§ **Exercise goal**: Write the full listing out again, word for word, but omit the pictures.

§ **Source material**:

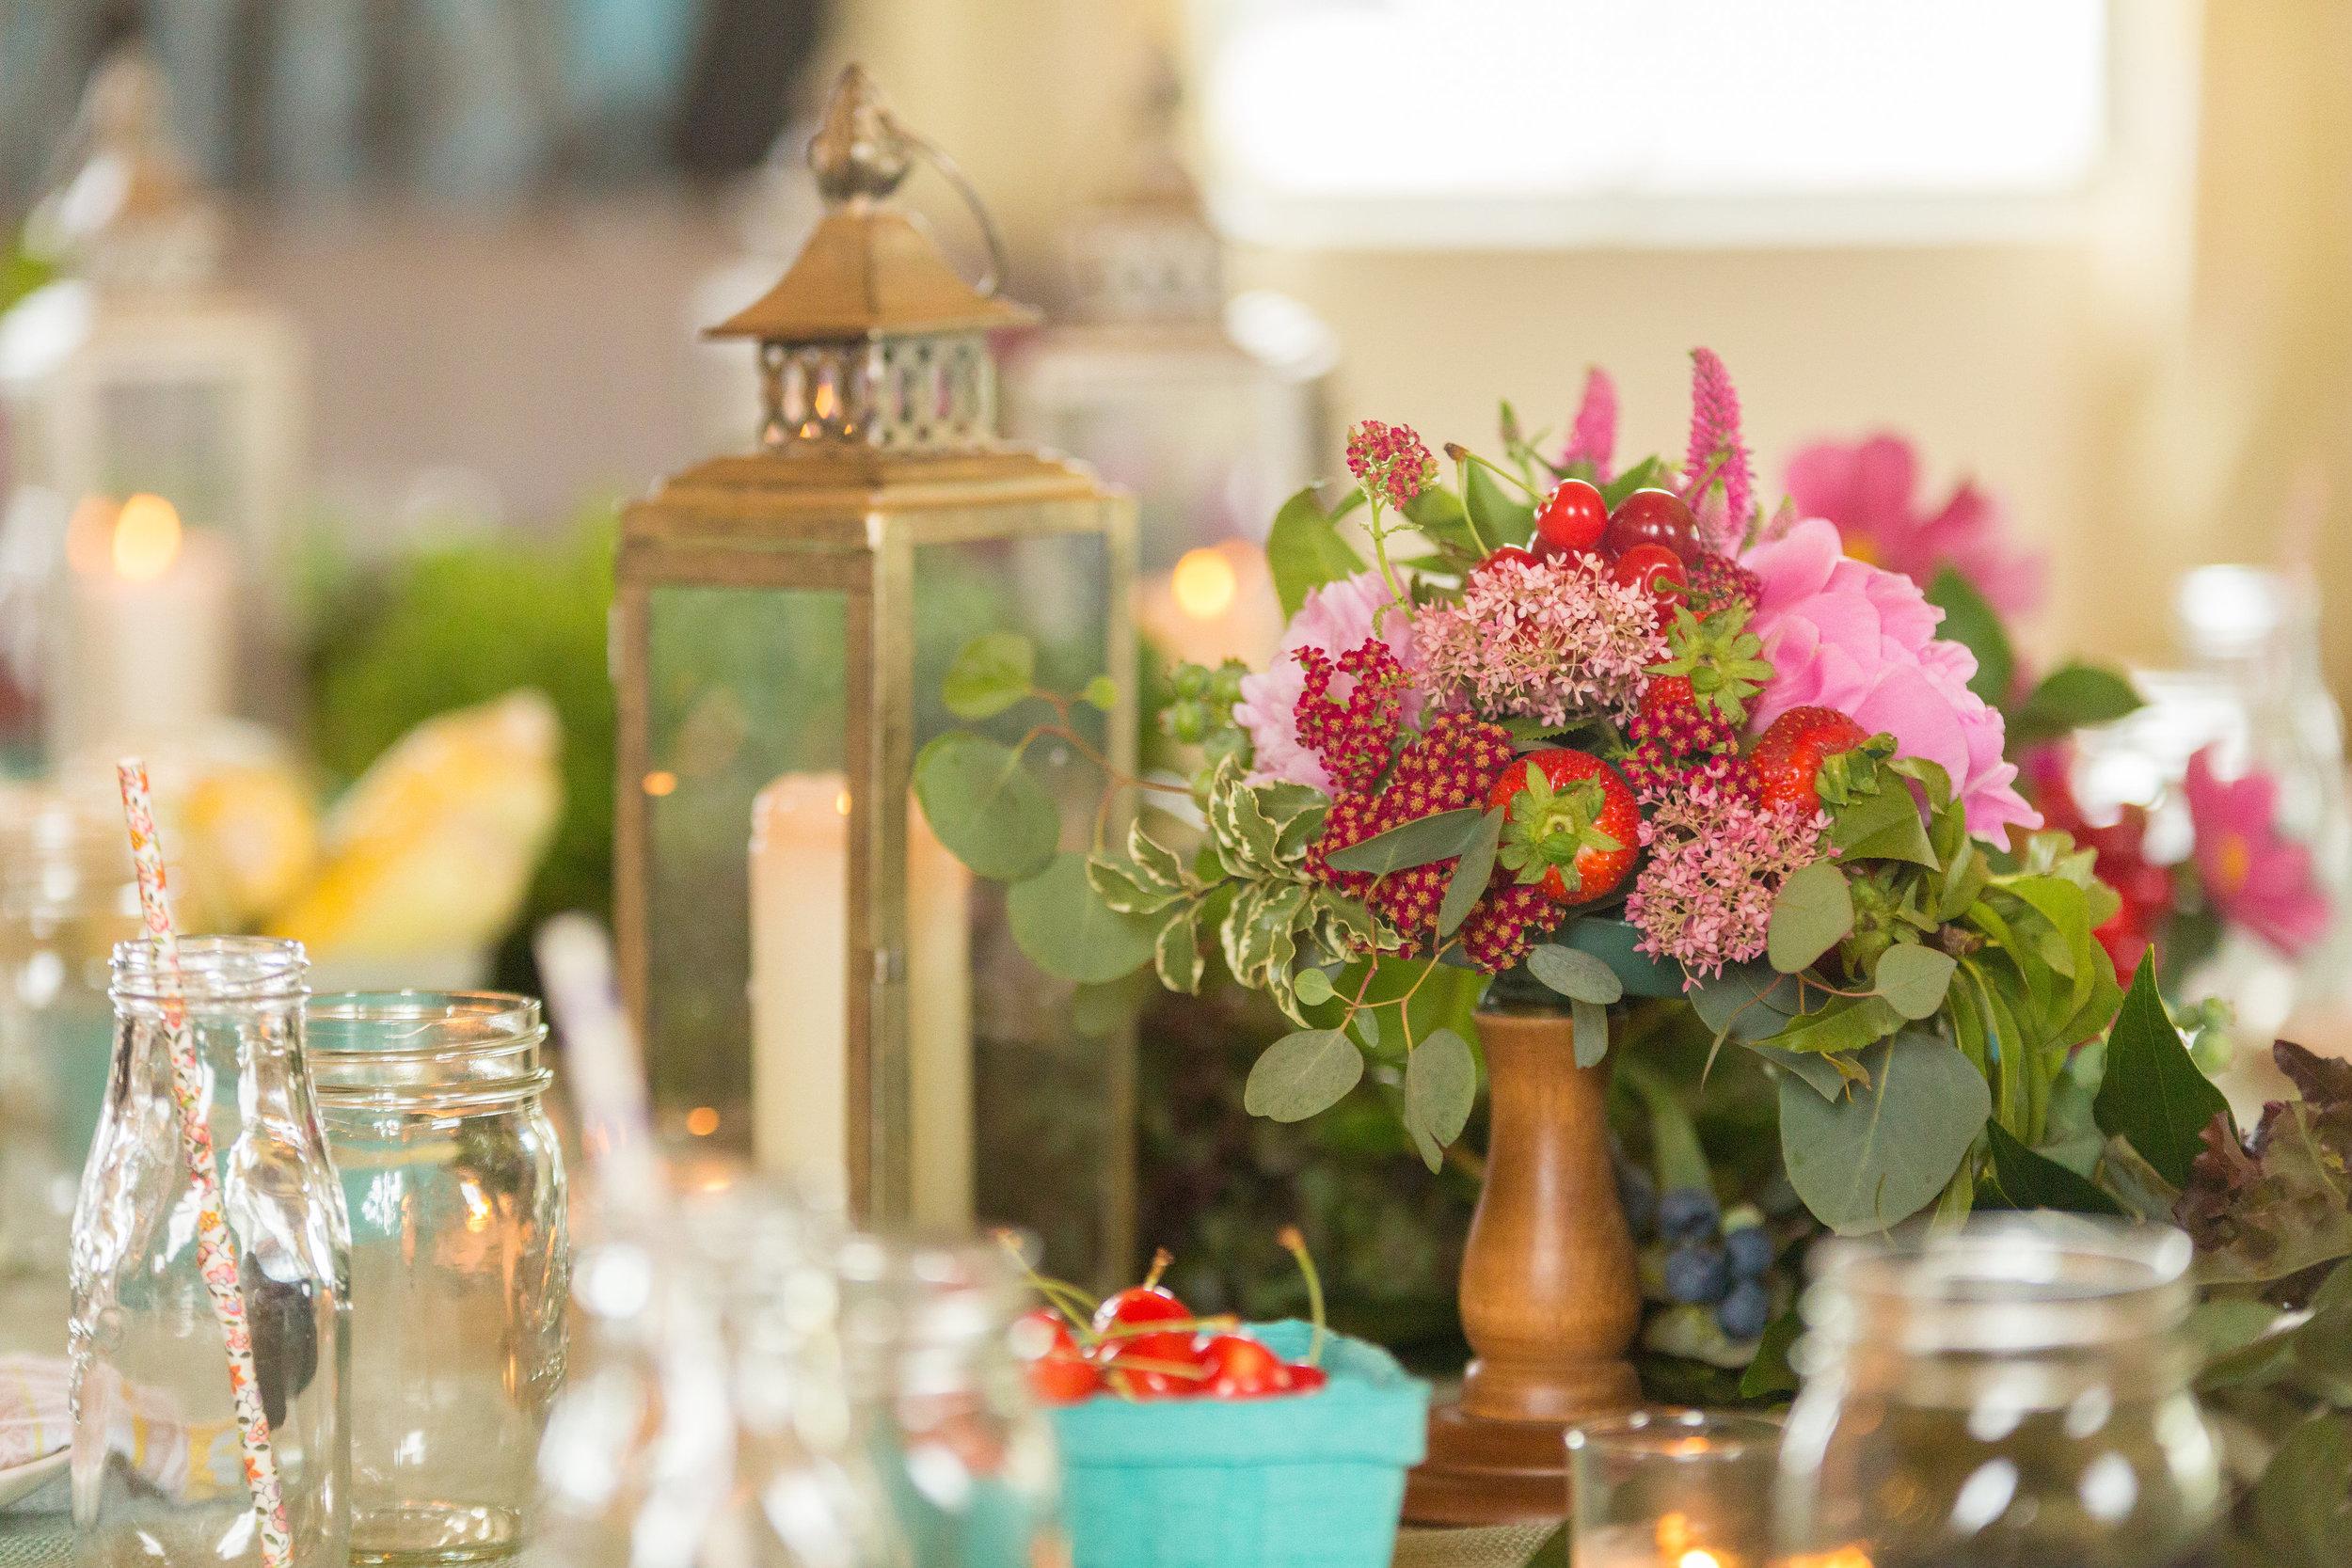 Danielle-Jeff-Farm-to-table-wedding-photography-love-story-studios-0022.jpg
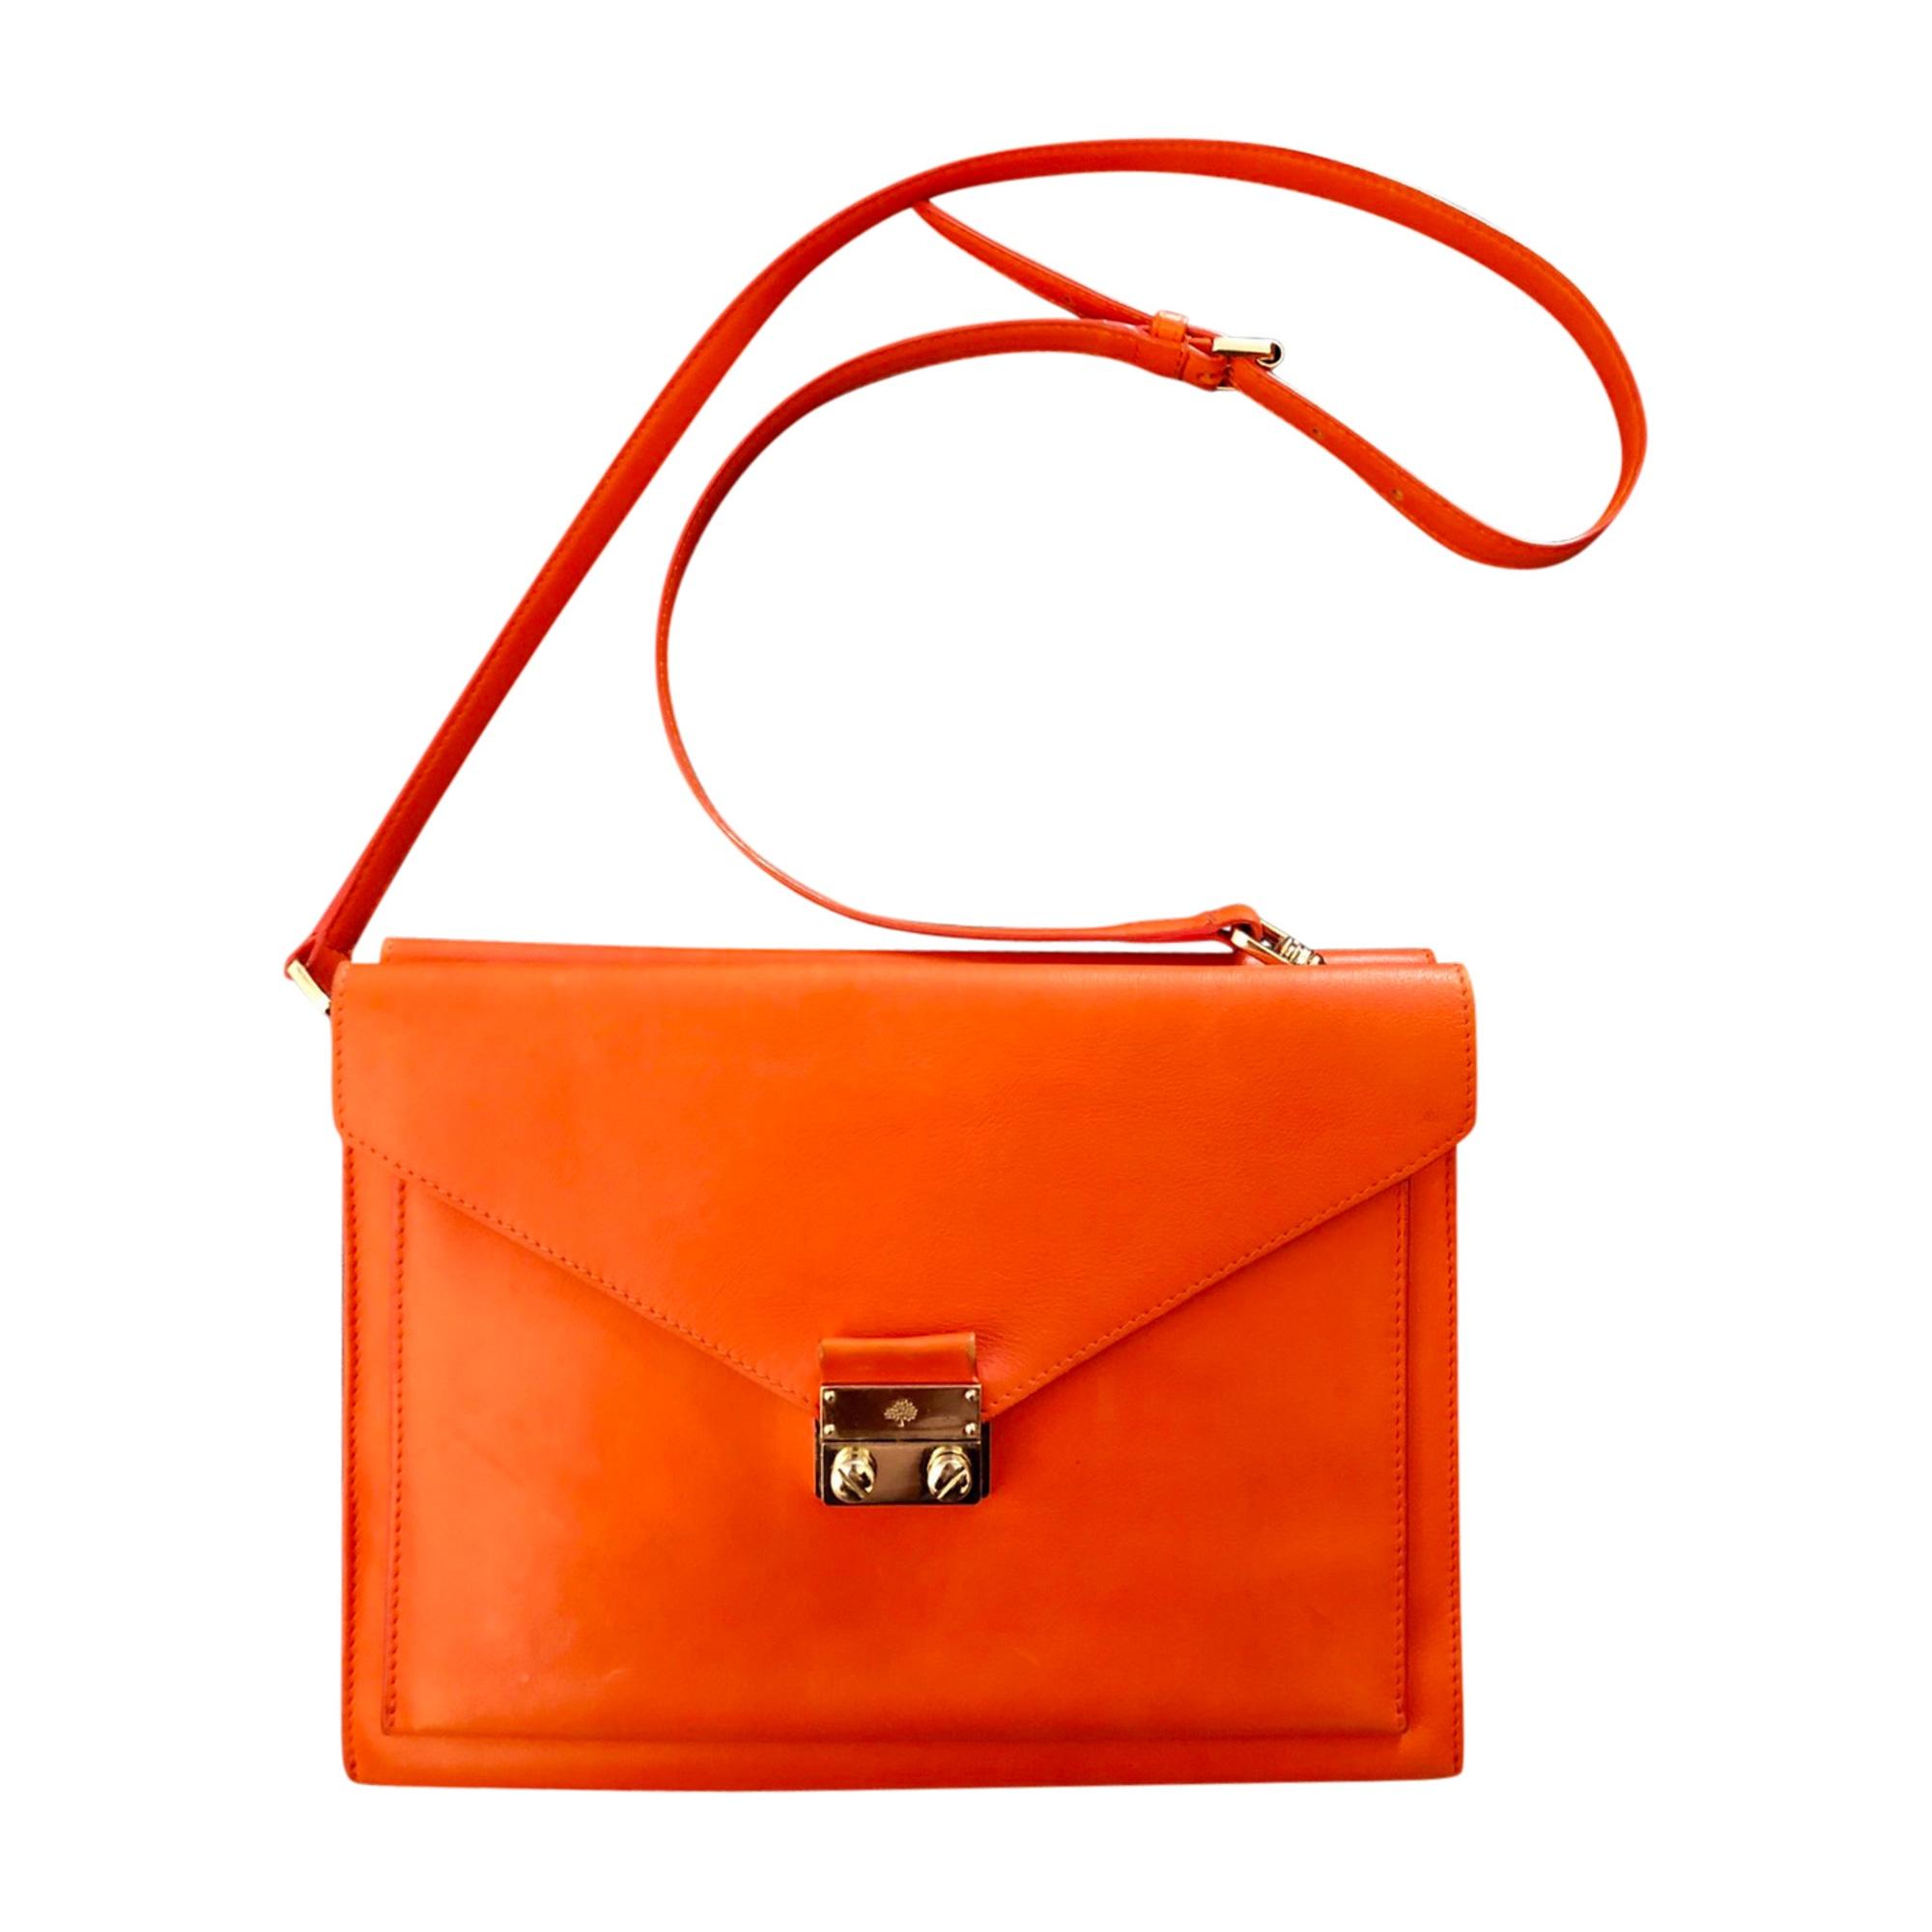 Sac pochette en cuir MULBERRY cuir orange
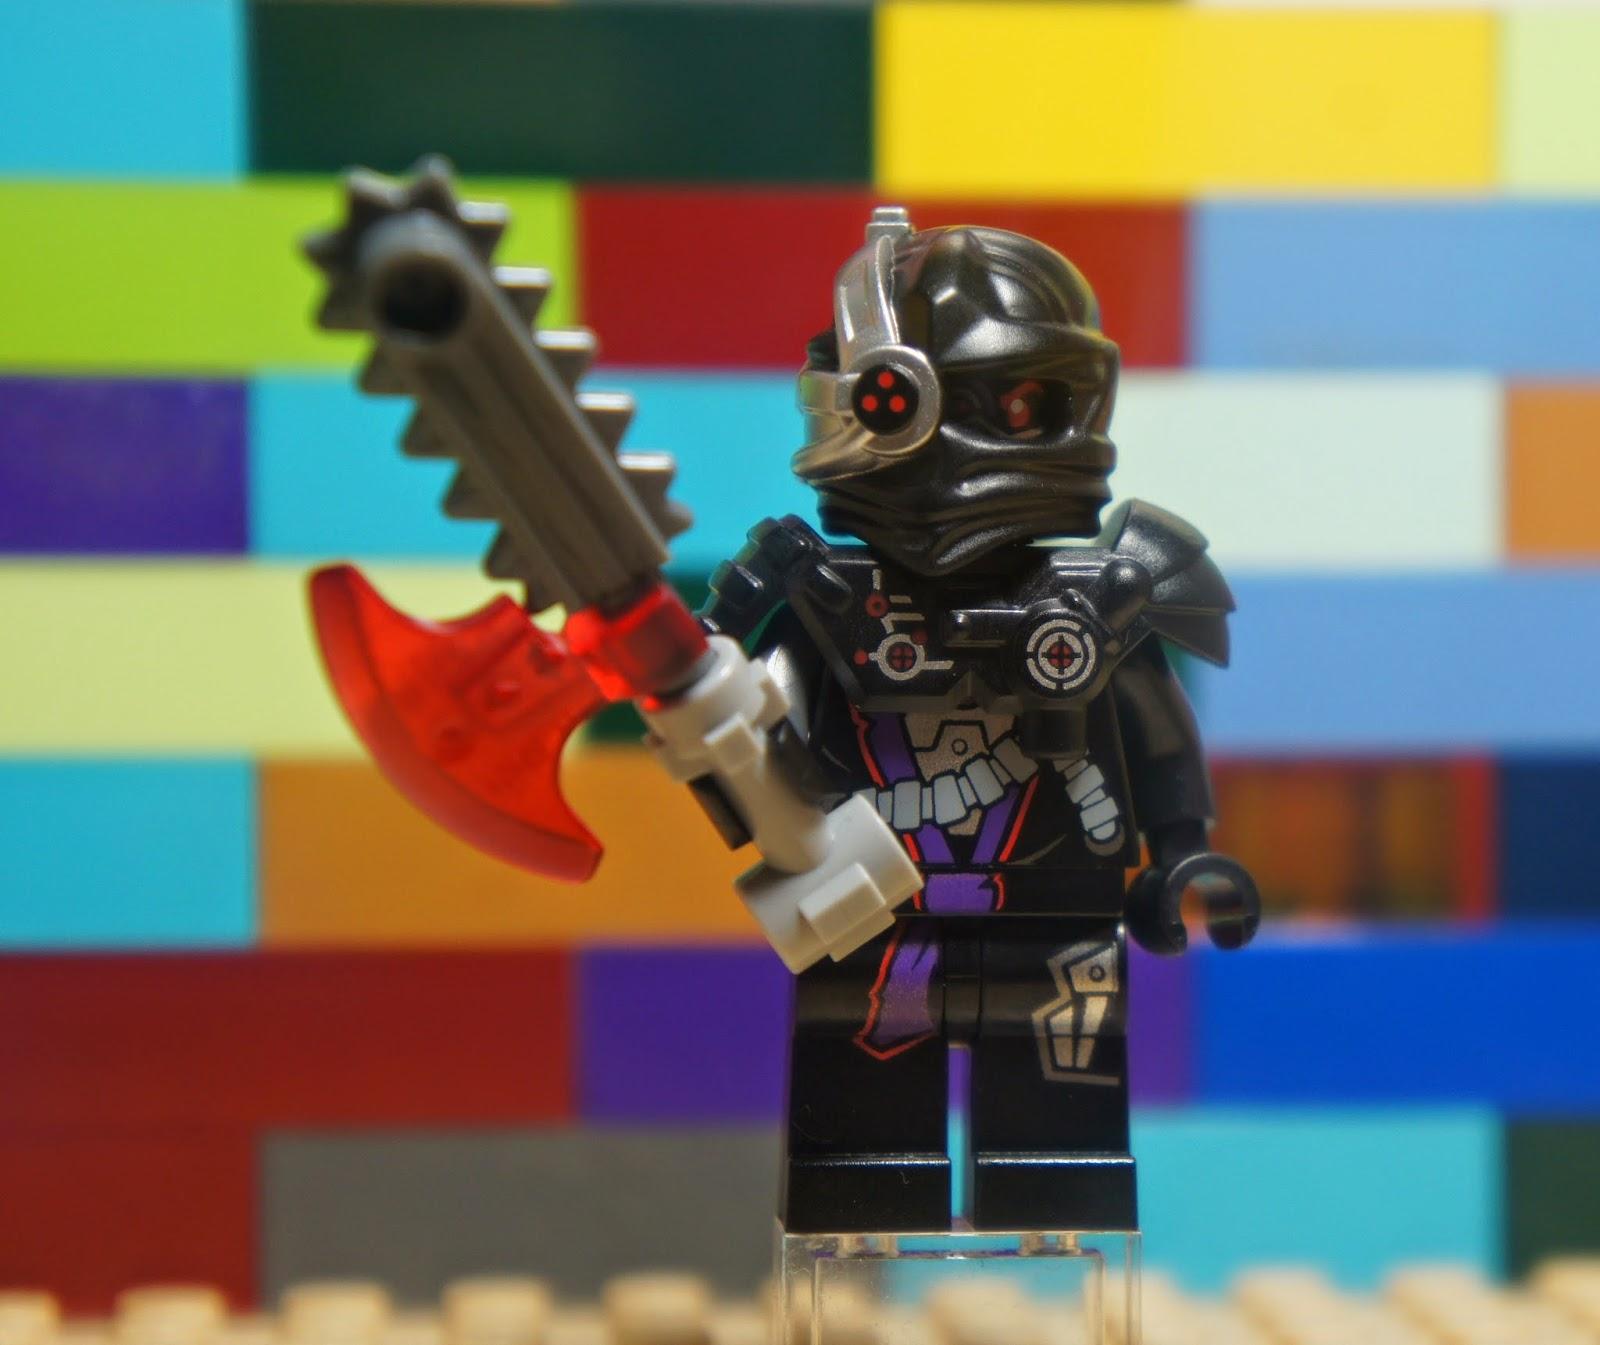 Lego Njo092 Ninjago General Cryptor Nindroid Minifigure W Weapon

§ **Output for this exercise**:
 Danielle-Jeff-Farm-to-table-wedding-photography-love-story-studios-0022.jpg
 Sac pochette en cuir MULBERRY cuir orange
 Lego Njo092 Ninjago General Cryptor Nindroid Minifigure W Weapon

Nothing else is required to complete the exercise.